Comparing models - MSE and \(R^2\)¶

[11]:

df_scores = pd.DataFrame({
    'MSE': [
        dt_results[2]['mse'],
        knn_results[2]['mse'],
        rf_results[2]['mse'],
        gb_results[2]['mse'],
        ada_results[2]['mse']

        ],
    'r2': [
        dt_results[2]['r2'],
        knn_results[2]['r2'],
        rf_results[2]['r2'],
        gb_results[2]['r2'],
        ada_results[2]['r2']
        ],
    'model name': [
        dt_results[2]['model name'],
        knn_results[2]['model name'],
        rf_results[2]['model name'],
        gb_results[2]['model name'],
        ada_results[2]['model name']
        ],
    'time': [
        dt_results[2]['time'],
        knn_results[2]['time'],
        rf_results[2]['time'],
        gb_results[2]['time'],
        ada_results[2]['time'],
        ],
    },
#     index=['linear', 'ridge', 'lasso', 'hubber']
)

# load ols results
df_scores_old = pd.read_csv('data/sk_scores.csv')
df_scores = pd.concat([df_scores, df_scores_old], axis=0)

# lets get the rmse
df_scores['rmse'] = np.sqrt(df_scores['MSE'])
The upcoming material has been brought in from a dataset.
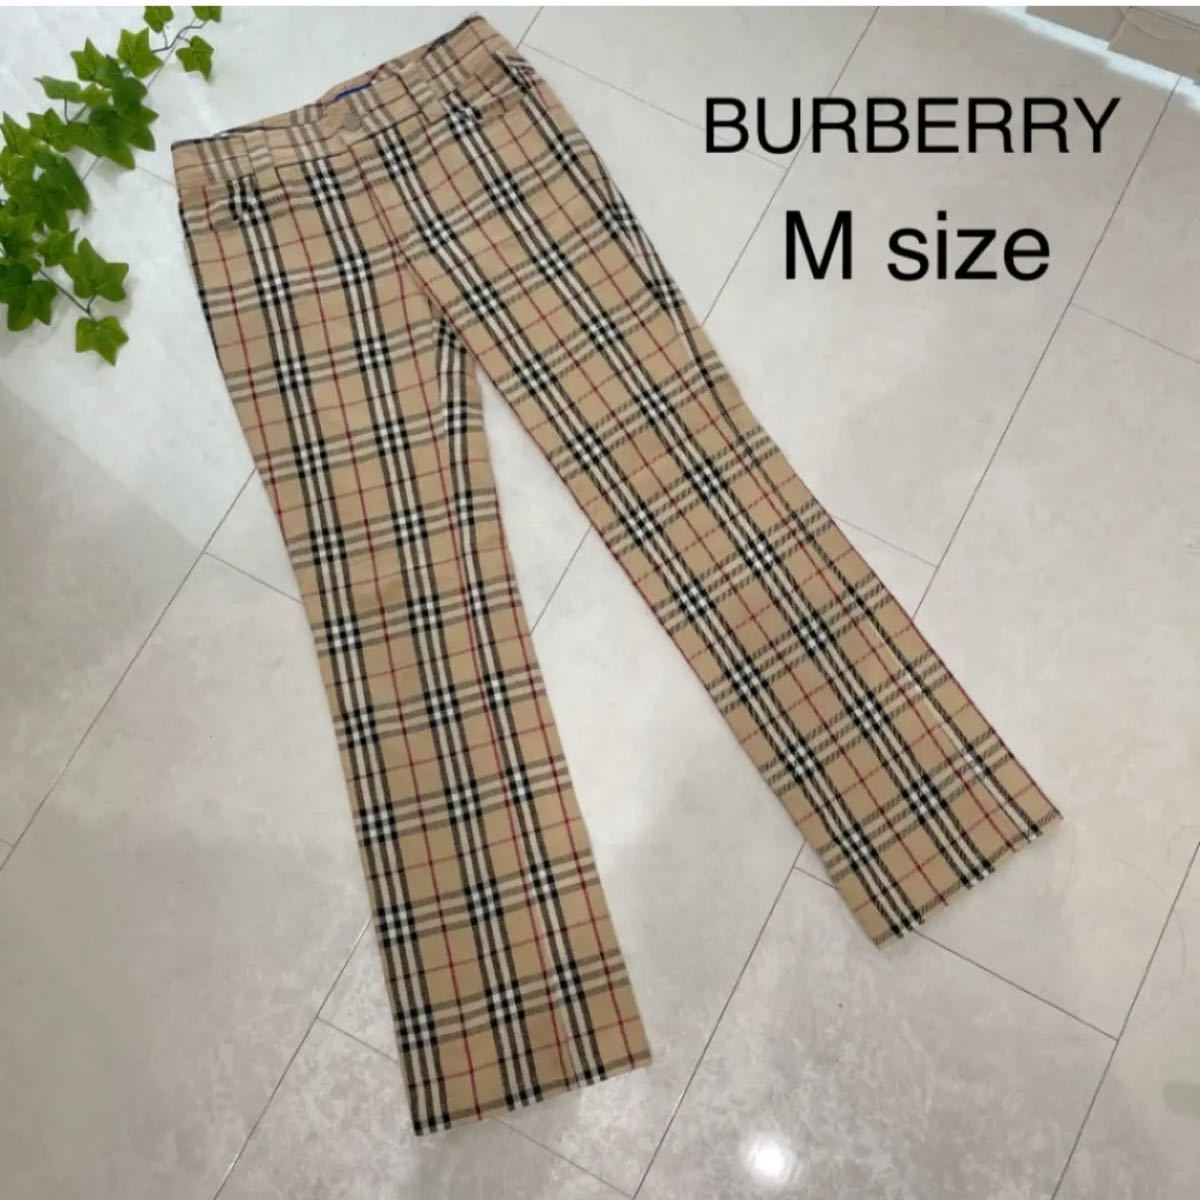 BURBERRY バーバリー ノバチェック パンツ ズボン Mサイズ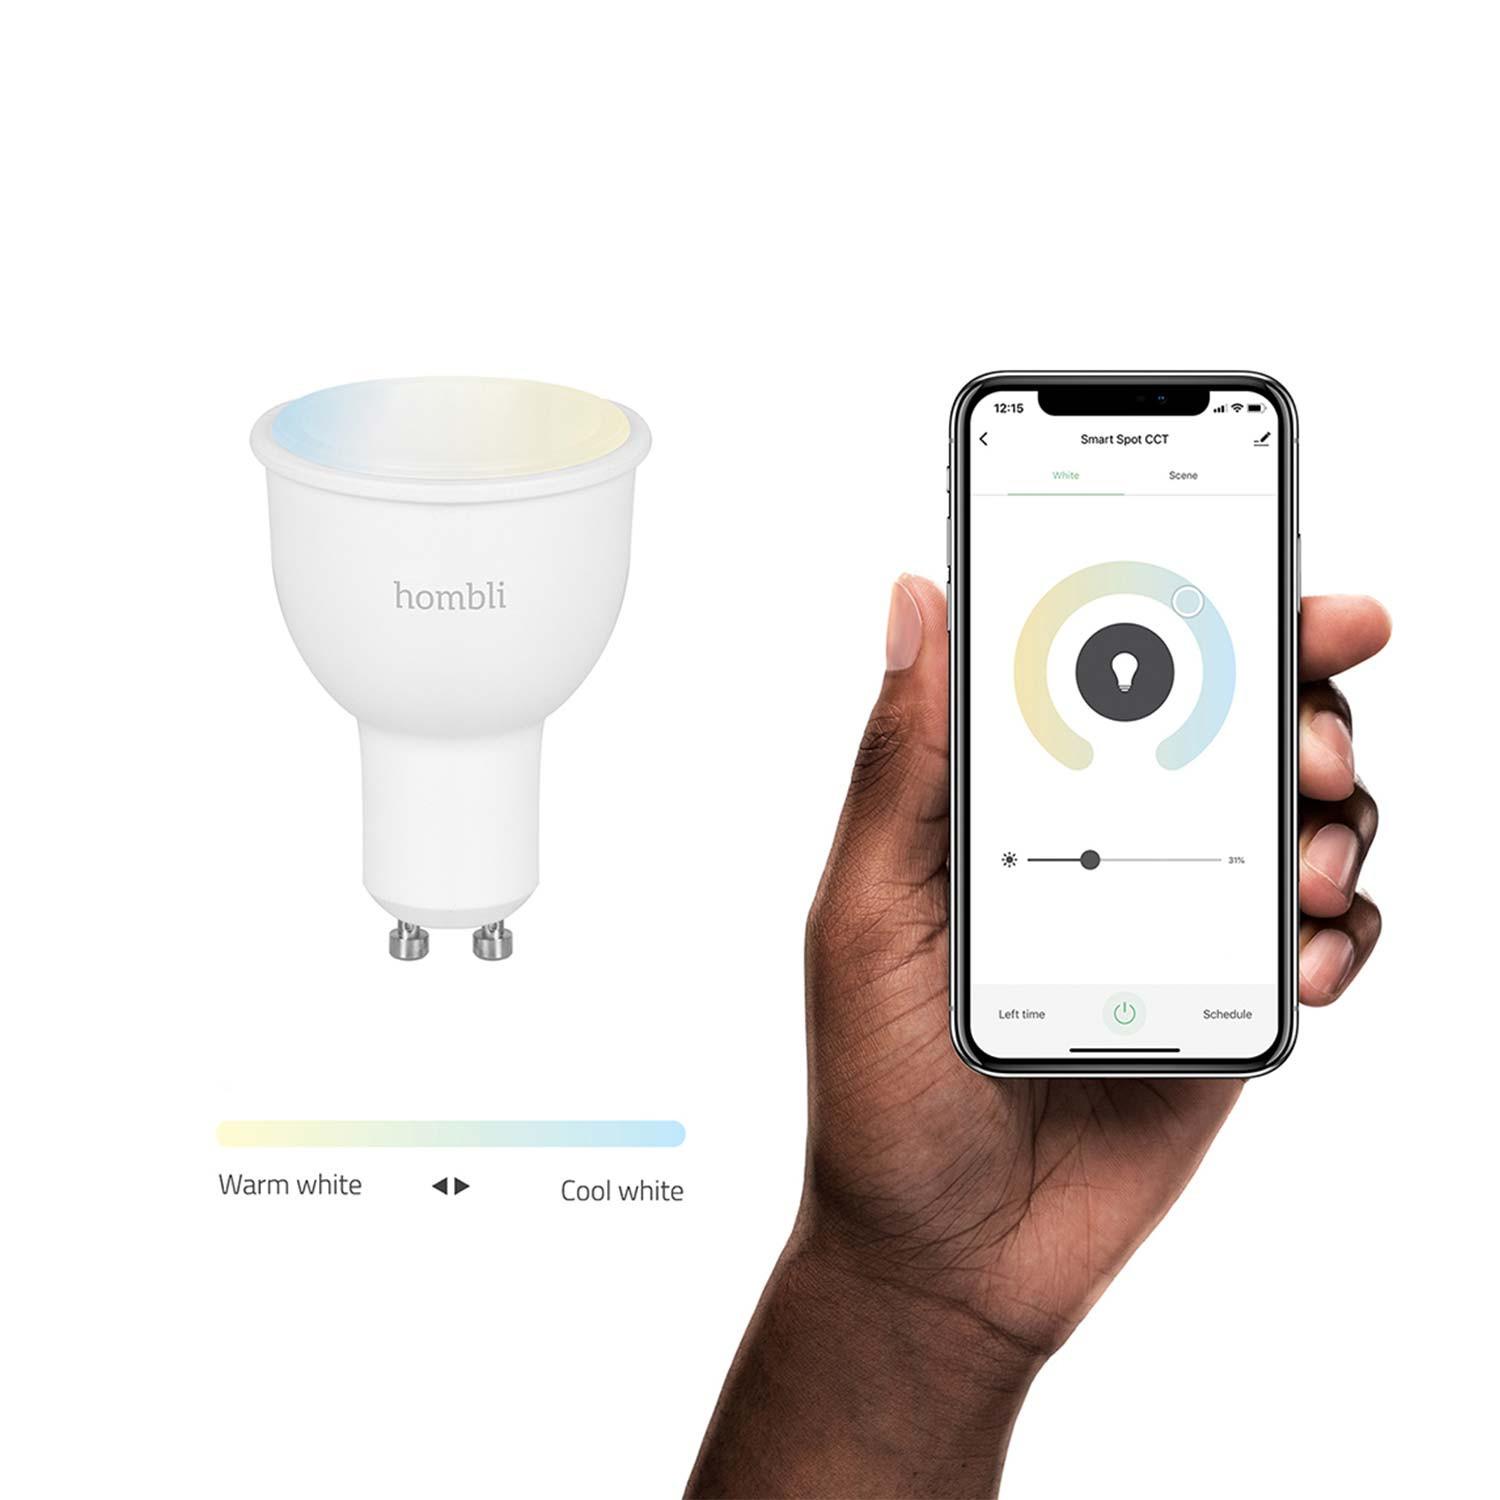 Hombli Smart Spot GU10 White-Lampe 3er-Set + gratis Smart Spot GU10 White 3er-Set - App

# now lets measure the impact of processing time over RMSE
df_scores = df_scores.sort_values(by='rmse', ascending=False)
df_scores['dif_rmse'] = df_scores['rmse'].diff()
df_scores['dif_time'] = df_scores['time'].diff()
df_scores.to_csv('data/full_scores.csv', index=False)
df_scores.set_index('model name').round(3)

[11]:

	MSE	r2	time	rmse	dif_rmse	dif_time
model name
Lasso Regression	2636548.565	0.960	0.487	1623.745	NaN	NaN
ols	2175057.358	0.969	0.792	1474.808	-148.938	0.305
Ridge Regression	2123265.316	0.971	4.063	1457.143	-17.665	3.271
HUbber Regression	2123061.444	0.971	63.894	1457.073	-0.070	59.831
Linear Regression	2122211.274	0.971	14.993	1456.781	-0.292	-48.901
Gradient Boost	587570.524	0.988	3.617	766.531	-690.250	-11.376
knn	84686.639	0.998	1.337	291.010	-475.522	-2.279
AdaBoost	78647.131	0.999	1.189	280.441	-10.569	-0.148
RF	77984.792	0.999	15.136	279.258	-1.183	13.947
Decision tree	77889.082	0.999	17.938	279.086	-0.171	2.803

Conclusions¶

Considering the computation time and the error measured on the test set, we can conclude that:

OLS is not a good choice here unless we add the non-linear contributions of each feature to the explain the outcome.
Given that all sklearn linear models have almost the same scores, Ridge Regression would be chosen due to the time it needs to be trained while automatically adjusting the weights of each feature, so we don’t need to manually select them
among the ML models, its important to note that the KNN model took 10x less time to produce a model almost as good as the alternatives.
ML have 5x improved performance (RMSE) over Linear Models because it doesn’t rely on the linear correlations between predictors and the outcome. The linear models could have better performance if we added the contributions of interdependent terms or non-linear transformations of them.